- _Data extract_:
-------

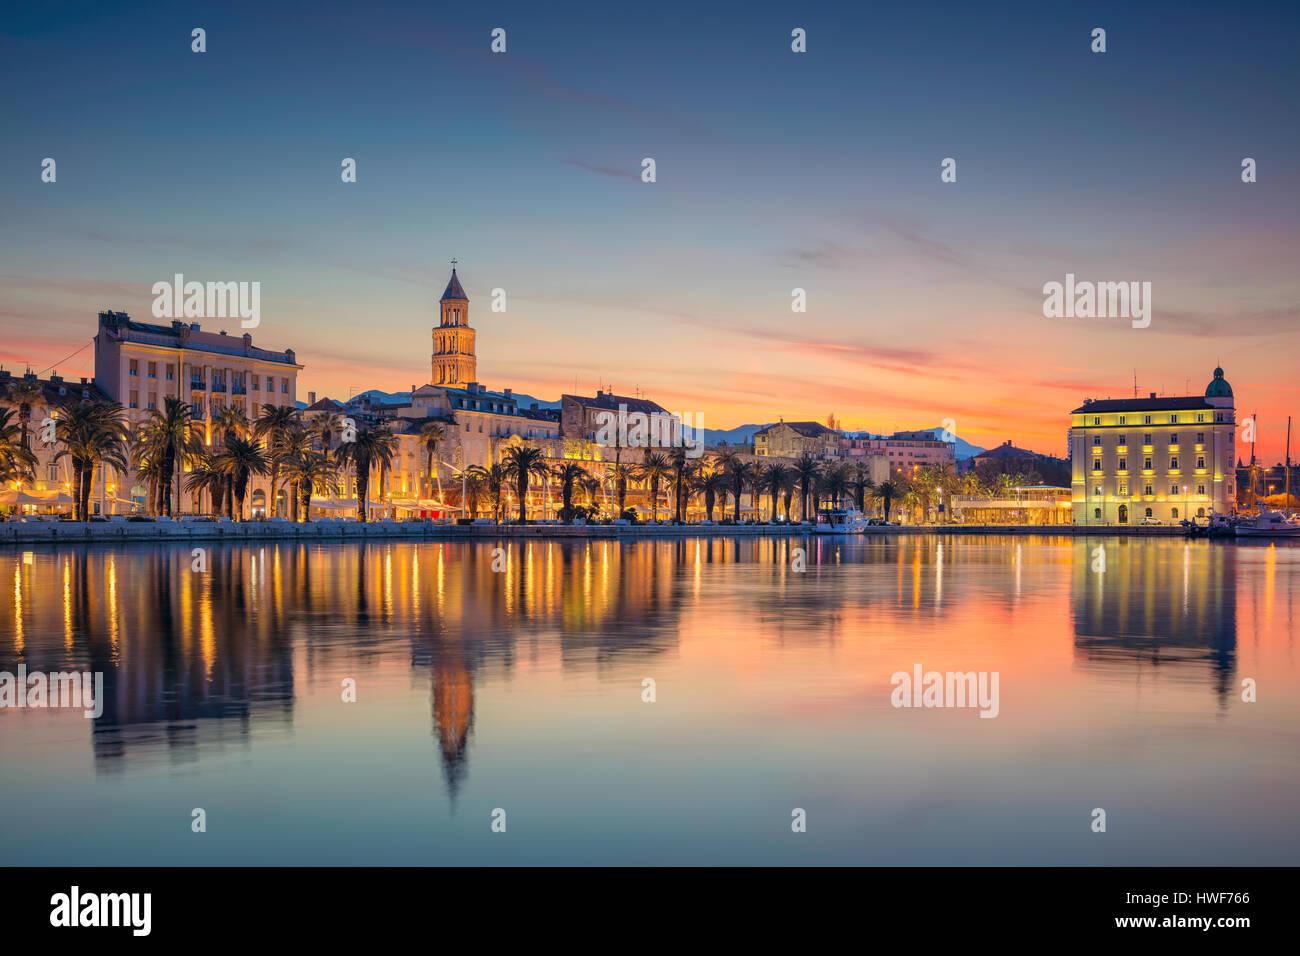 Split. Bonito y romántico casco antiguo de Split en bellos amaneceres. Croacia, Europa. Foto de stock
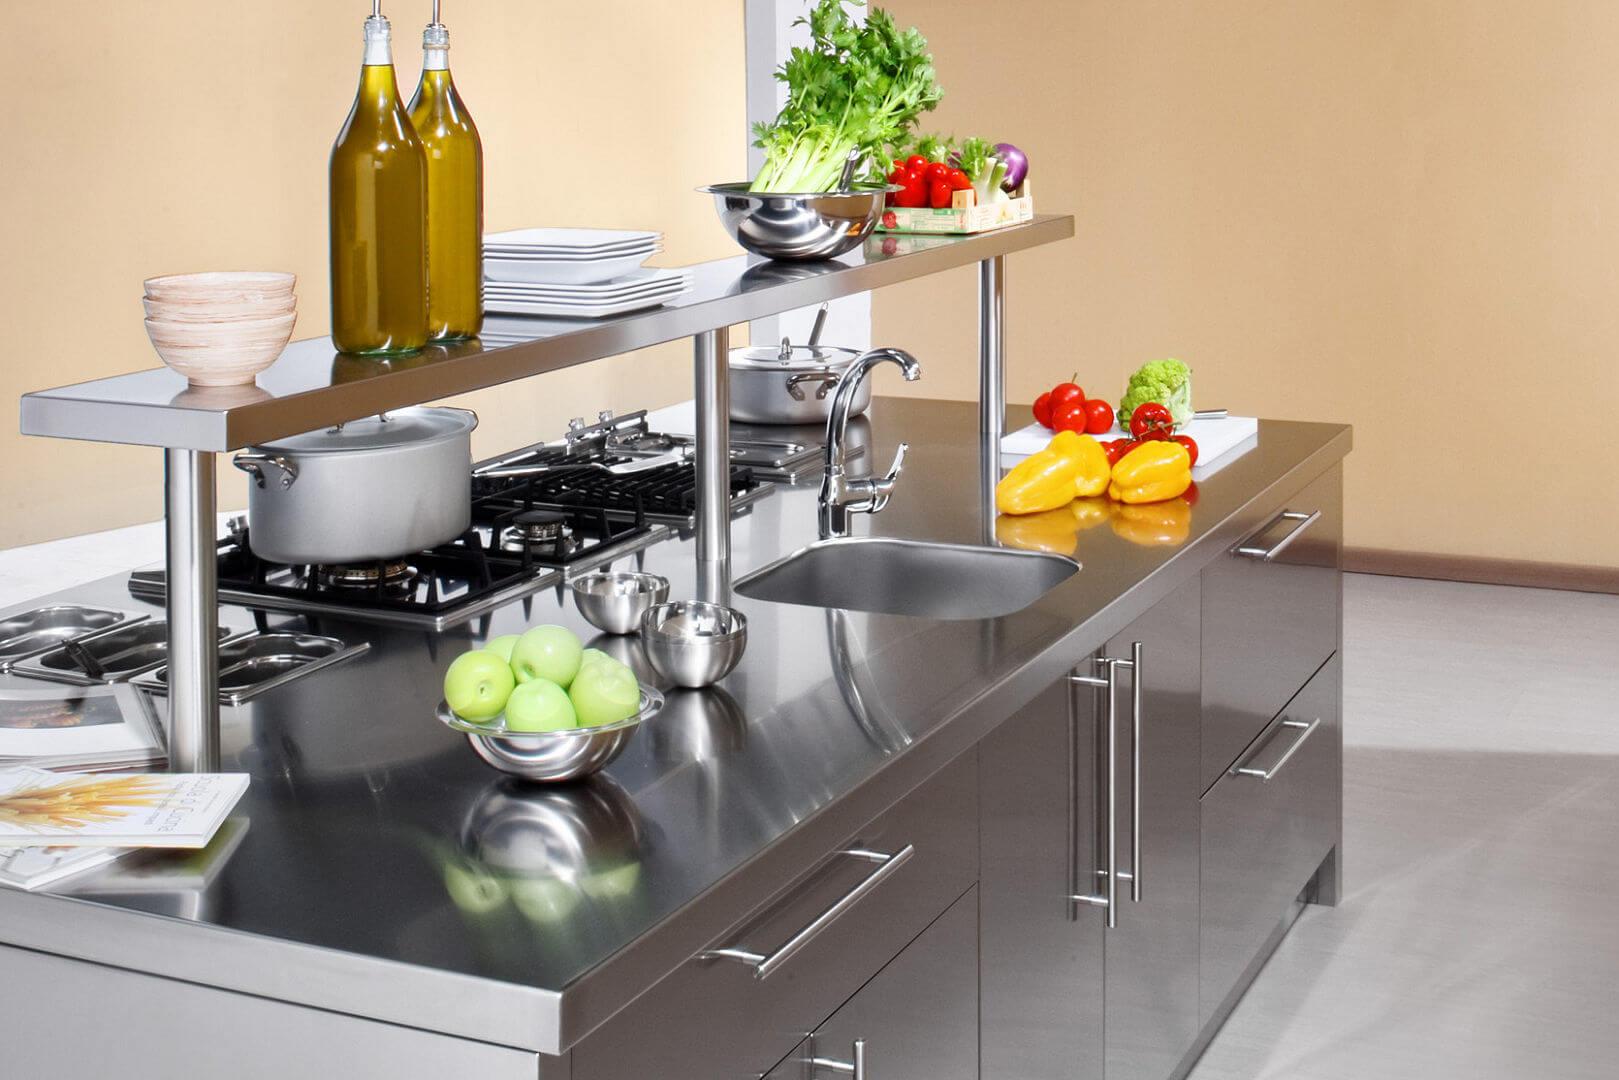 Work Station - Arca Cucine Italia - Cucine in Acciaio Inox
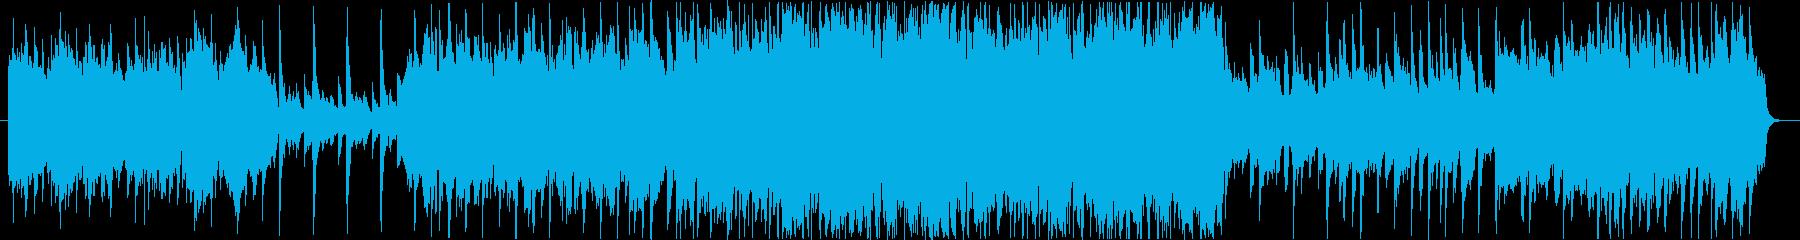 やさしげであたたかい雰囲気のBGMの再生済みの波形

-------

- _Exercise requirements_:
Restate all of the material word for word, leaving every picture out.

- _Answer_:
 Split. Bonito y romántico casco antiguo de Split en bellos amaneceres. Croacia, Europa. Foto de stock
 Work Station - Arca Cucine Italia - Cucine in Acciaio Inox
 やさしげであたたかい雰囲気のBGMの再生済みの波形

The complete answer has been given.